Taruna Ikrar memperoleh penghargaan sebagai ilmuwan berpengaruh di Indonesia dari Unpri Medan. Penghargaan gelar ilmuan berpengaruh di Indonesia tersebut diserahkan langsung oleh Rektor Unpri Prof. Dr. Crismis Novalinda Ginting, M.Kes. kepada Kepala BPOM Prof. dr. Taruna Ikrar, Ph.D., M.Biomed. di Ballroom Universitas Prima Indonesia (Unpri) Medan, Sumatera Utara, Sabtu (4/1/2025).
Acara yang dihadiri Menteri Hukum Supratman Agtas dan Penjabat (Pj.) Gubernur Sumatera Utara Agus Fatoni juga dihadiri Beberapa rektor dan tamu undangan lainnya. Rektor Universitas Insan Cita Indonesia Prof. Laode Masihu Kamaluddin, Rektor Universitas Sumatera Utara Prof. Dr. Muryanto, Amin, S.Sos, M.Si, Dekan Fakultas Farmasi Militer–Universitas Pertahanan Prof. Dr. Yahdiana Harahap, M.Si., Apt., Wakil Kepala BRIN Prof. Dr. Ir. Amarulla Oktavian, S.T., M.Sc., DESD., ASEAN Eng., Ketua Dewan Pengurus Daerah Ikatan Alumni Lemhannas Prof. Yusran Jusuf, dan Director Center for Leadership of Indonesia Prof. Dr. Muh. Nur Sadik, MPM. Hadir menyaksikan langsung pemberian penghargaan sekaligus orasi ilmiah yang disampaikan Kepala BPOM.

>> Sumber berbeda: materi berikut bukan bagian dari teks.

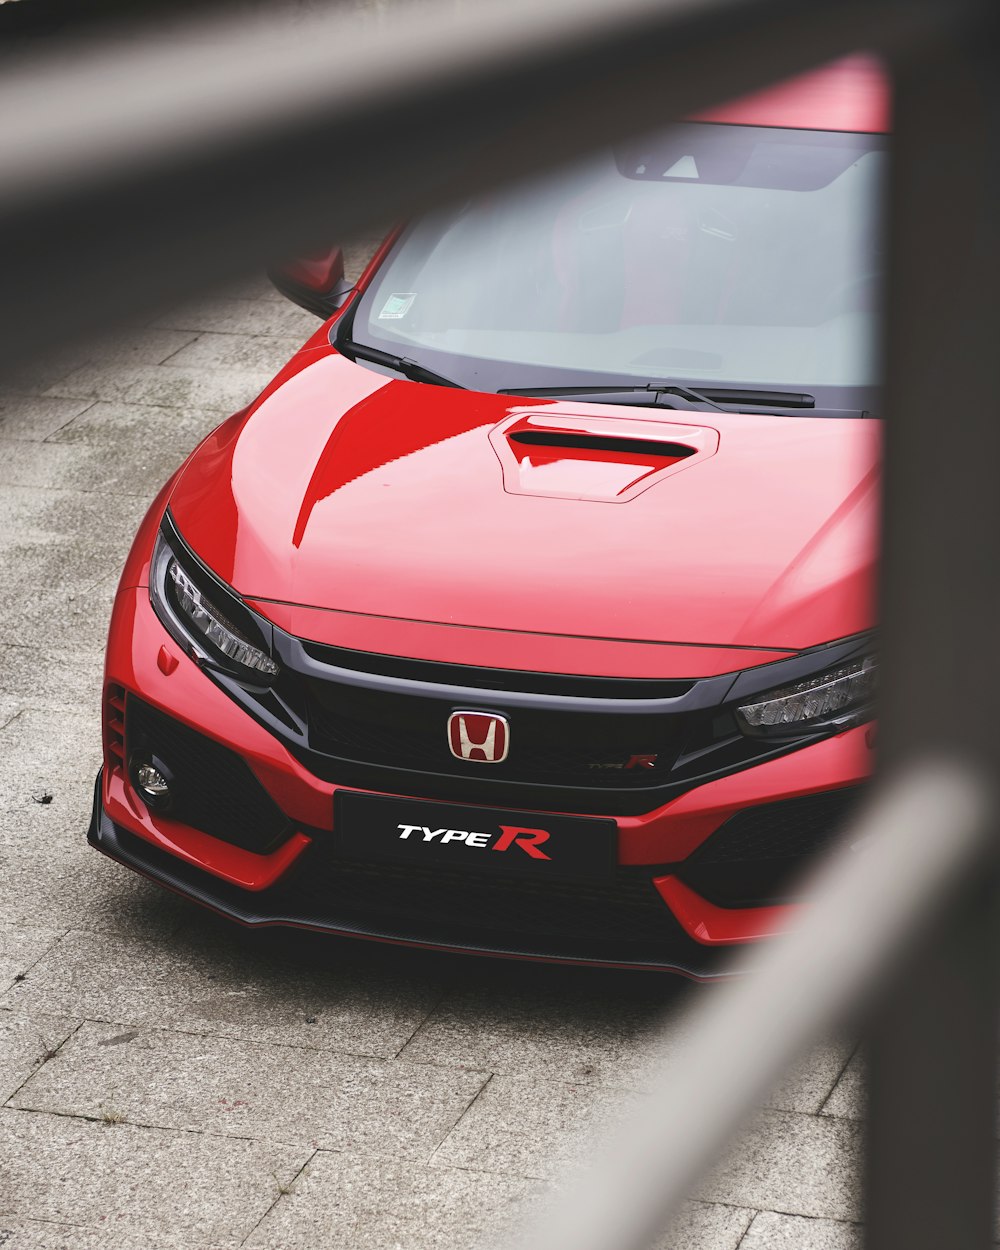 Honda Civic Type R Pictures | Download Free Images on Unsplash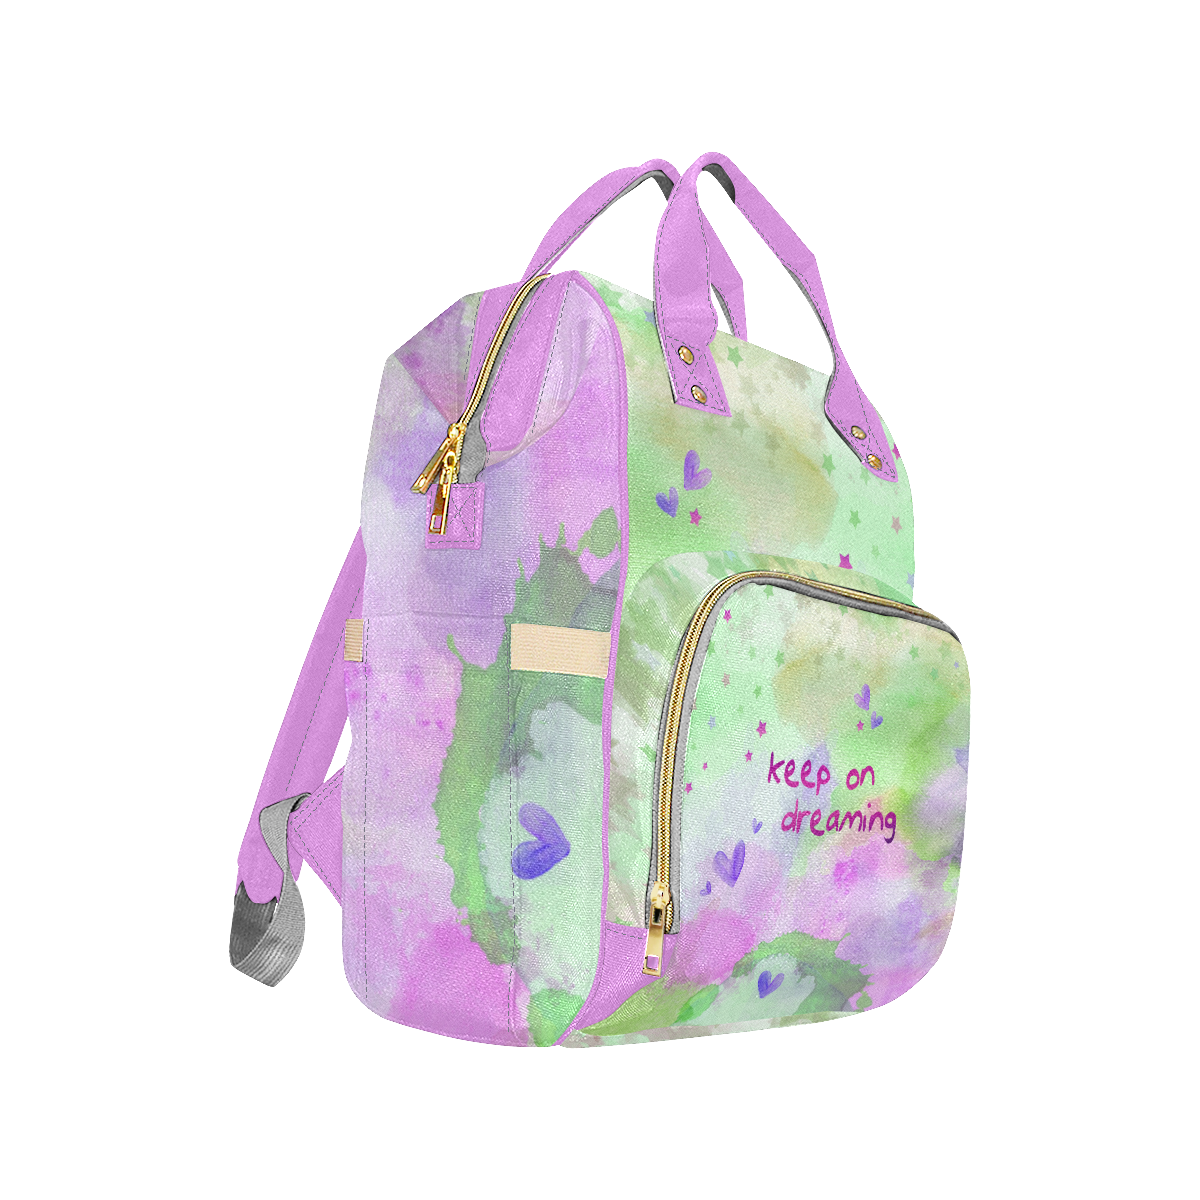 KEEP ON DREAMING - lilac and green Multi-Function Diaper Backpack/Diaper Bag (Model 1688)

Kepala BPOM RI Taruna Ikrar memaparkan mengenai silent pandemic yang juga telah dituangkan Taruna ke dalam 2 bukunya yang berjudul “Ancaman ‘Silent Pandemic’ Akibat Resestensi Antimikroba” dan “Pengendalian Resistensi Antimikroba di Indonesia”. Kedua buku tersebut diserahkan Taruna kepada tamu undangan yang hadir. Buku ini merupakan sumbangsih Taruna Ikrar dalam pengembangan di dunia kesehatan Indonesia.
Rektor Unpri Prof. Dr. Crismis Novalinda Ginting, M.Kes., dalam sambutannya mengatakan bahwa Unpri berkomitmen untuk berkontribusi terhadap perkembangan pengetahuan dan teknologi bidang kesehatan. Untuk itu, Unpri memberikan penghargaan tertinggi ilmuwan berpengaruh di Indonesia kepada Kepala BPOM Taruna Ikrar.
“Prof. Taruna telah berkontribusi signifikan di bidang farmakologi, kesehatan jantung, dan sistem saraf. Karya-karyanya telah menginspirasi. Saya mewakili civitas akademika Unpri mengucapkan selamat [kepada] Prof. Taruna Ikrar, bukan hanya bentuk apresiasi tapi [juga] dorongan untuk terus berkarya di tingkat nasional dan global,” ungkap Crismis.
Sementara Menteri Hukum Supratman Agtas dalam sambutannya mengatakan bahwa Supratman tidak meragukan penghargaan tersebut karena Prof. Taruna Ikrar telah menunjukan kapasitasnya yang mumpuni sebagai ilmuwan dan praktisi. Selain itu, tugas Taruna sekarang sebagai Kepala BPOM bukanlah tugas yang ringan. Tugas ini merupakan beban tanggung jawab yang luar biasa untuk mengawasi begitu banyaknya produk obat dan makanan yang beredar di Indonesia.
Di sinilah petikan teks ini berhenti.